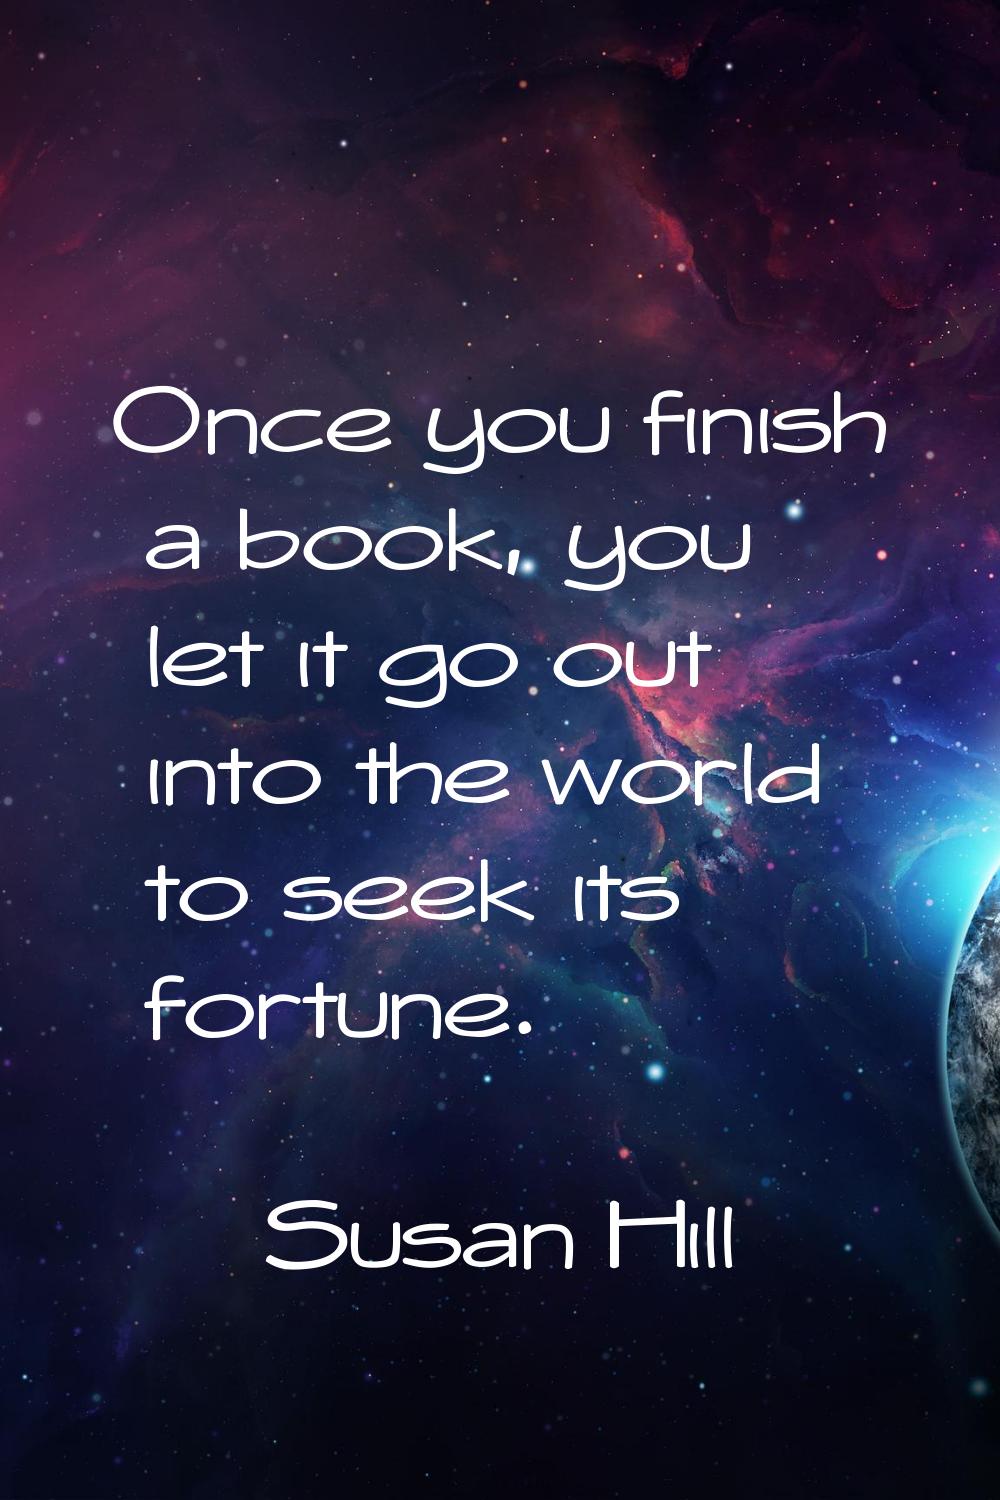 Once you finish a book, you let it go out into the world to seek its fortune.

------------------------------------

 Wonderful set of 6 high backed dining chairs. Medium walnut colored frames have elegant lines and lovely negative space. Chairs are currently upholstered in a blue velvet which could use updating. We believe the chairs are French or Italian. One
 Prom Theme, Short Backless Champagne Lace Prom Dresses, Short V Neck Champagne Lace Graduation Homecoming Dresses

------------------------------------

Copy only this part of the entries above: the line with "Wonderful set of", the line with "Prom Theme, Short", and the lines between, all exactly as written.

*Task response*:
 Wonderful set of 6 high backed dining chairs. Medium walnut colored frames have elegant lines and lovely negative space. Chairs are currently upholstered in a blue velvet which could use updating. We believe the chairs are French or Italian. One
 Prom Theme, Short Backless Champagne Lace Prom Dresses, Short V Neck Champagne Lace Graduation Homecoming Dresses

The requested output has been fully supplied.